Children tend to grieve in spurts, avoiding intense emotions for long periods of time. When children receive the news that a loved one has died, they may respond with a burst of emotion and then ask to play outside. By allowing themselves brief amounts of time to grieve, the painful feelings children experience when someone dies become more manageable. This does not mean, however, that children "get over" their grief quickly. Instead, they tend to experience these painful feelings over and over again.

As children grow, they begin to understand more about death, eventually reaching the conclusion that death is forever and that their loved one will never come back. As they gradually reach this understanding, children will re‐grieve the loss of their loved one. They will grieve for what could have been, and may need additional support during important holidays and developmental milestones.1

Siblings have unique relationships and need their own time to grieve.
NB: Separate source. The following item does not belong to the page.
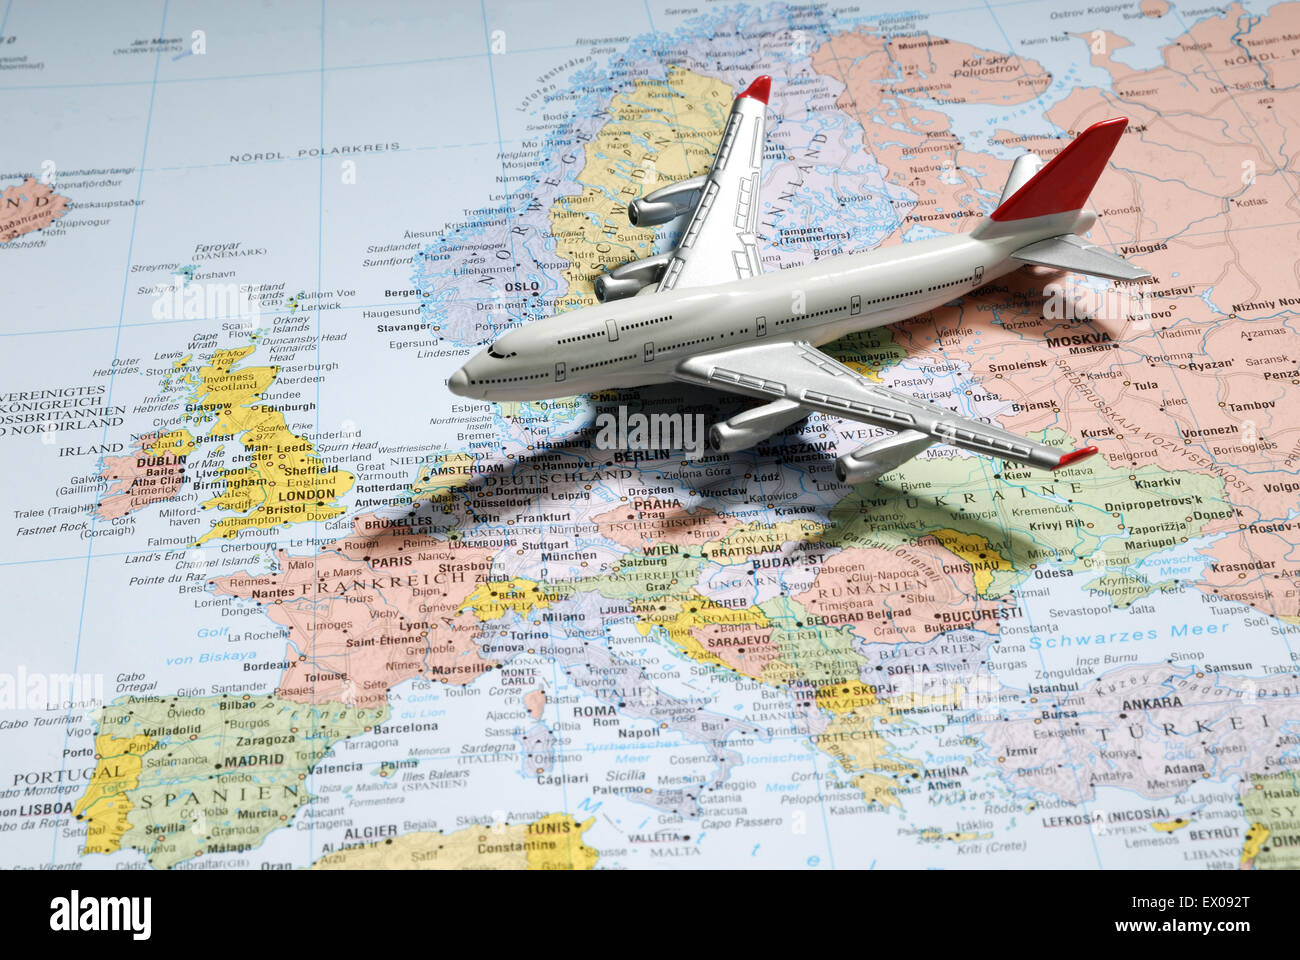 Model of a passenger aircraft on a map of Europe Stock Photo

They may even need their own special person to debrief with, as they often feel they don't want to further worry their parents.

Some things to keep in mind include:

  • The death of a sibling can create a specific kind of aloneness.
  • Siblings will often postpone their grief whilst they care for other family members.
  • Siblings can also say things they don't mean – with their sadness occurring at a later time, often triggered by another event.
  • The death of a sibling will change the position of children in the family.
  • The grief for a sibling may re-occur as they face new life experiences, for example graduation, marriage, birth of children.
  • Siblings experience the same range of emotions and feelings as adults but will often express them in different ways, perhaps through behaviour and play.2


1 Adapted from: Grief Through a Child’s Eyes, Walko-Henry, K. The Center for Grief & Healing

2 Adapted from: Journeys: Palliative care for children and teenagers, version 2, Eds. Fleming, S. Coombs, S. and Phillips, M., Palliative Care Australia, 2010


"In grief, no matter what our age, intelligence, or culture, we all regress and internally feel as vulnerable as a young child."

~ Di McKissock 2013

"Nightmares are part of the work of grieving – our feelings searching for images bad enough to explain the intensity of our distress. They don't need to be 'fixed', analysed or interpreted, they simply need to be externalised. We can describe our dreams to a compassionate other, or express them some other way - perhaps through art, sport, writing - any way that is familiar and comfortable for the person who is grieving."